What is needed = When you reach the line containing "Las partes del mouse" in the entries below, start writing out each line exactly, and stop after the line containing "J lumineux LED".

====== Input records

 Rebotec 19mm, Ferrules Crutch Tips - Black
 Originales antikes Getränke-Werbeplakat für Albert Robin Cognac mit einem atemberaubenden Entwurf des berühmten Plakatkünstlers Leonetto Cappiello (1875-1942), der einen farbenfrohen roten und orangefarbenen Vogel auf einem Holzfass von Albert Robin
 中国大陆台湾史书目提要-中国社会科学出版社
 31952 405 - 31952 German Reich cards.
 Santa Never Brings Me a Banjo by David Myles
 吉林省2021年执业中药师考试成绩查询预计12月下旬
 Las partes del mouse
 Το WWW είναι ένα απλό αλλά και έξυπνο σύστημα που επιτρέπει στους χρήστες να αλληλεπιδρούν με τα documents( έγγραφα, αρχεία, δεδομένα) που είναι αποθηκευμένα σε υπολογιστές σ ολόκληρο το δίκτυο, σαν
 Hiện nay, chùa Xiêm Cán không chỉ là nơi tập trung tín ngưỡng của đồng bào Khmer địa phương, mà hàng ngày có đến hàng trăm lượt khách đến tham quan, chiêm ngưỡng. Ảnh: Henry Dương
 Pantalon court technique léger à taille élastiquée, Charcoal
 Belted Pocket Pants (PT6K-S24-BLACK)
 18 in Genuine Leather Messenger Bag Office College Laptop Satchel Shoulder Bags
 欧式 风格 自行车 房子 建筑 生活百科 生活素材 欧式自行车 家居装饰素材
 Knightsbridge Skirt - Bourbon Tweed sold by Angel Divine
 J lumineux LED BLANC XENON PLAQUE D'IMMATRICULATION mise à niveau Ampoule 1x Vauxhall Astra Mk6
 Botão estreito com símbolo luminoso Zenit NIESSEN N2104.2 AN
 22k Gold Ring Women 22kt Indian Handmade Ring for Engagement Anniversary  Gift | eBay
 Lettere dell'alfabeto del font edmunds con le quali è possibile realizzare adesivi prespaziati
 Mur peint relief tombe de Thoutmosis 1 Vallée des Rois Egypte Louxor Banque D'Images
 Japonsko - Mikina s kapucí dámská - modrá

============

Answer box =
 Las partes del mouse
 Το WWW είναι ένα απλό αλλά και έξυπνο σύστημα που επιτρέπει στους χρήστες να αλληλεπιδρούν με τα documents( έγγραφα, αρχεία, δεδομένα) που είναι αποθηκευμένα σε υπολογιστές σ ολόκληρο το δίκτυο, σαν
 Hiện nay, chùa Xiêm Cán không chỉ là nơi tập trung tín ngưỡng của đồng bào Khmer địa phương, mà hàng ngày có đến hàng trăm lượt khách đến tham quan, chiêm ngưỡng. Ảnh: Henry Dương
 Pantalon court technique léger à taille élastiquée, Charcoal
 Belted Pocket Pants (PT6K-S24-BLACK)
 18 in Genuine Leather Messenger Bag Office College Laptop Satchel Shoulder Bags
 欧式 风格 自行车 房子 建筑 生活百科 生活素材 欧式自行车 家居装饰素材
 Knightsbridge Skirt - Bourbon Tweed sold by Angel Divine
 J lumineux LED BLANC XENON PLAQUE D'IMMATRICULATION mise à niveau Ampoule 1x Vauxhall Astra Mk6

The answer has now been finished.